Alerts notify you when agent runs or content source pulls match specific conditions — failures, performance regressions, error rate spikes, or unusual activity. Configure them once, and Seclai monitors your resources 24/7 so you don't have to.

Overview

The Alerts system has two sides:

  1. Alert Configuration — Rules you define that specify when to trigger a notification (e.g., "alert me after 3 consecutive failures")
  2. Alert Instances — Individual triggered alerts created when a rule fires (e.g., "Agent 'Daily Report' failed 3 times in a row at 2:14 PM")

You manage both from the Alerts section in the left sidebar.

Alert Scopes

Alerts can be configured at three levels:

ScopeWhere to ConfigureApplies To
Account-wideAlerts → Agent Alerts / Content Source Alerts tabsAll agents or all sources in the account
Per-agentAgent → Alerts tabA specific agent only
Per-sourceContent Source → Alerts tabA specific content source only

Per-resource alerts override account-wide settings for that resource, giving you fine-grained control.
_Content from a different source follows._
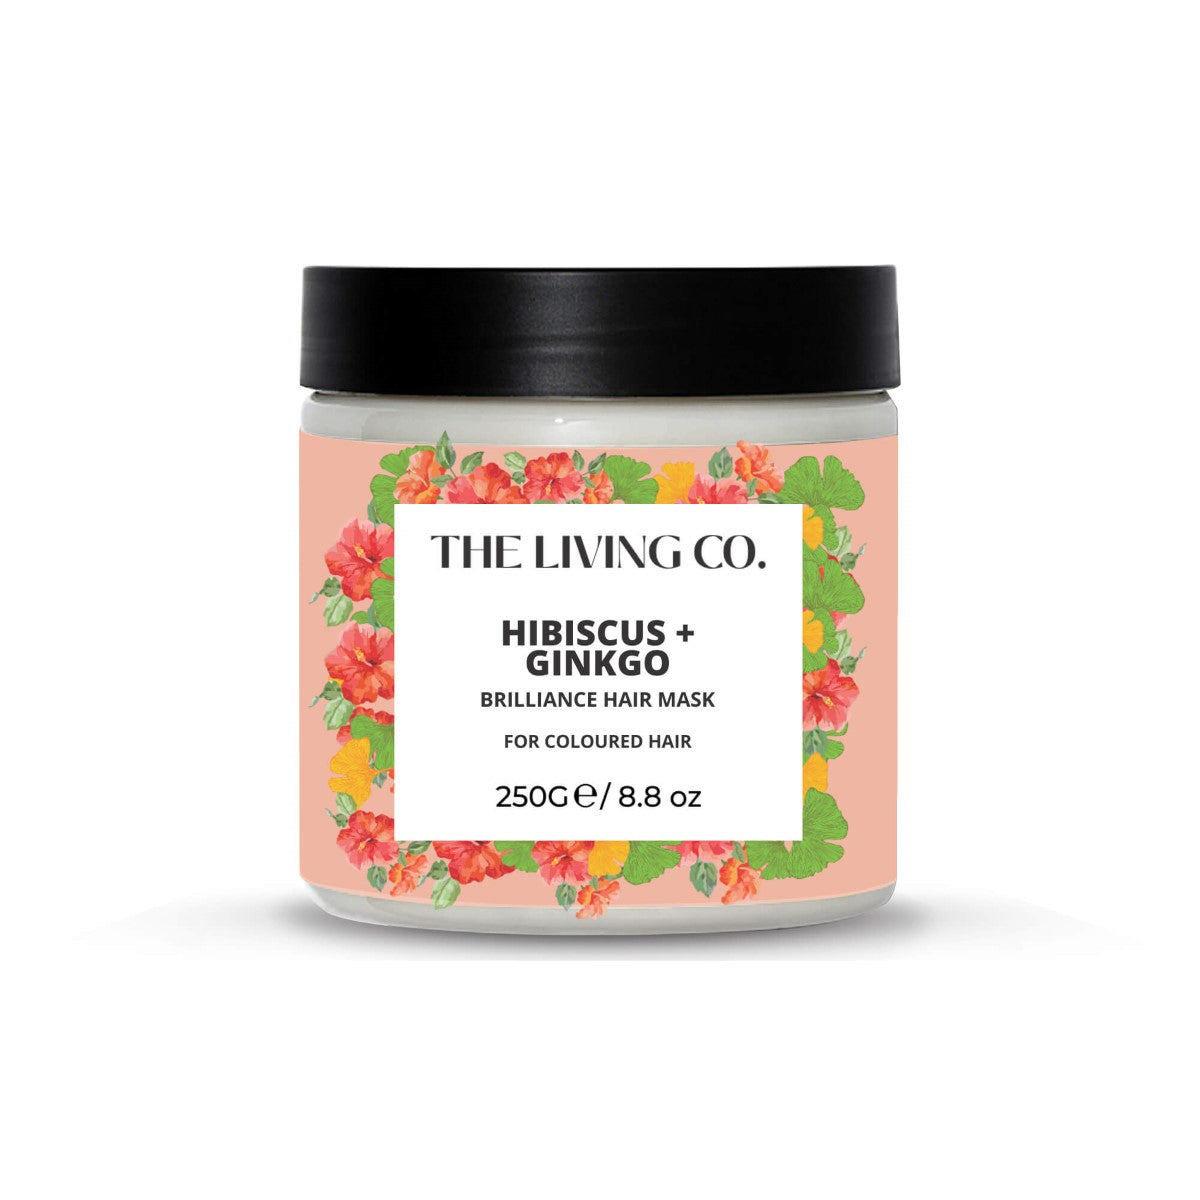 Brilliance Hair Mask With Hibiscus + Ginkgo
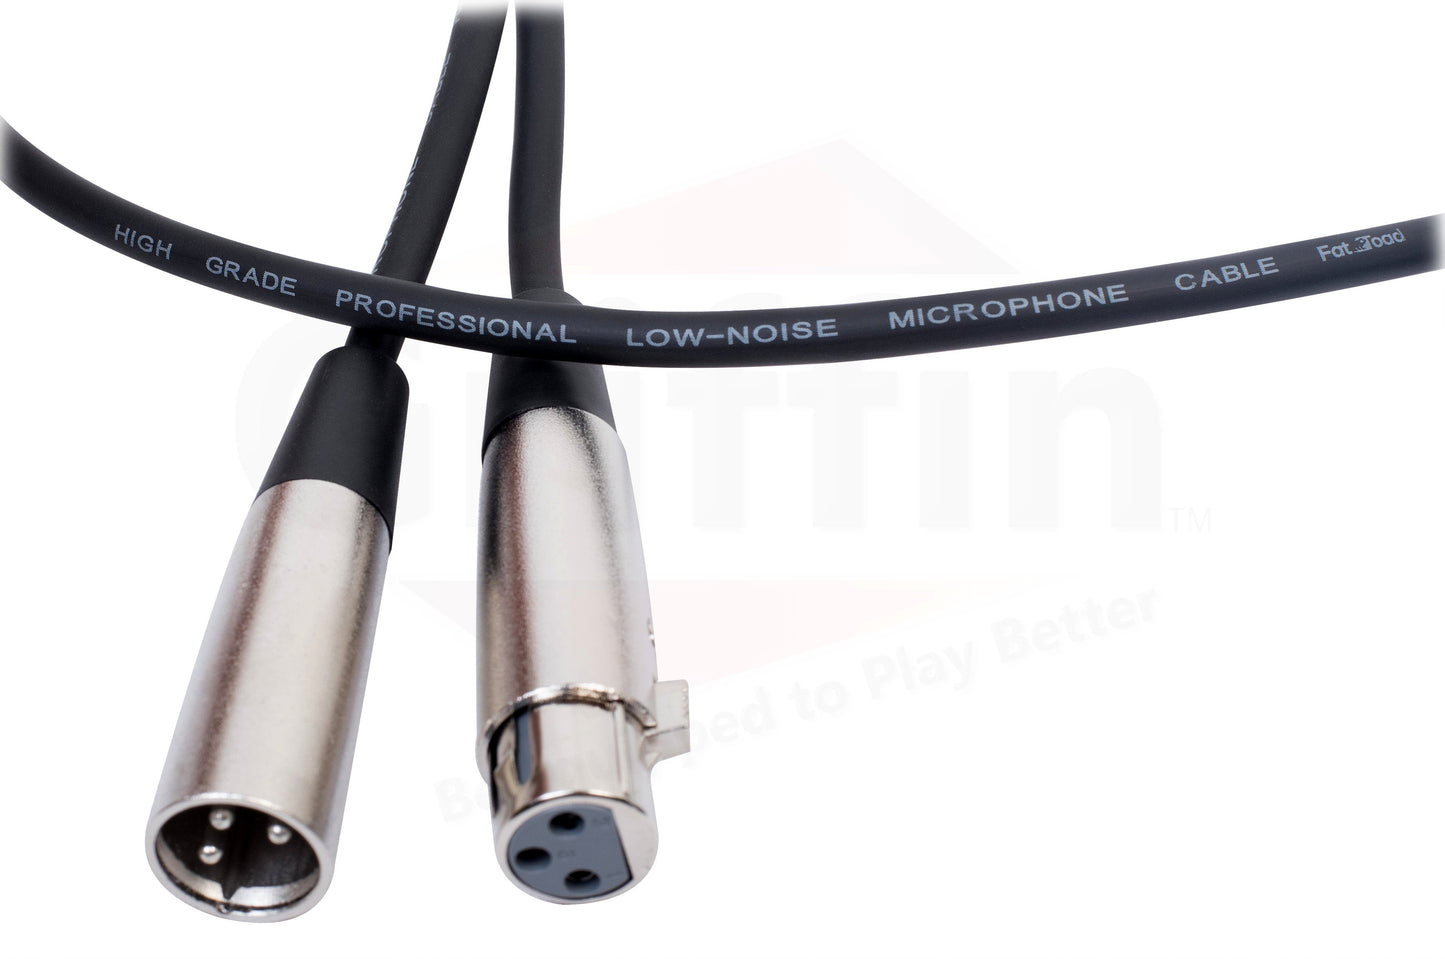 XLR Microphone Cable by FAT TOAD - 20ft Professional Pro Audio Mic Cord Extension Patch with Male to Female Lo-Z Connector - 24 AWG Wire & Balanced

Example: You might set a conservative account-wide "consecutive failures" threshold of 5, then override it to 2 for a business-critical agent that needs faster notification.


Agent Alert Types

Five alert types are available for monitoring agent runs:

Run Failed

Triggers an alert every time an agent run fails, regardless of context. This is the simplest alert type — useful for agents where any failure is unacceptable.

SettingValue
ThresholdsNone — every failure triggers
Best forCritical, low-volume agents

Example use case: A financial reporting agent that runs once daily. Every failure must be investigated immediately.

Consecutive Failures

Triggers an alert when an agent fails a configurable number of times in a row. This filters out one-off transient errors and only alerts on persistent issues.

SettingRangeDefaultDescription
Count2 – 1003Number of consecutive failures before alerting

Example use case: A web scraping agent that occasionally encounters timeout errors. Setting the count to 3 means you're only alerted when the upstream site is genuinely down, not when a single request times out.

Example configuration:

Alert type: Consecutive Failures
Count: 3
Cooldown: 60 minutes

→ Alert fires after the 3rd failure in a row
→ Won't fire again for at least 60 minutes

Error Rate Spike

Triggers when the failure rate within a sliding window of runs exceeds a threshold. Ideal for high-volume agents where some failures are tolerable but a spike indicates a systemic problem.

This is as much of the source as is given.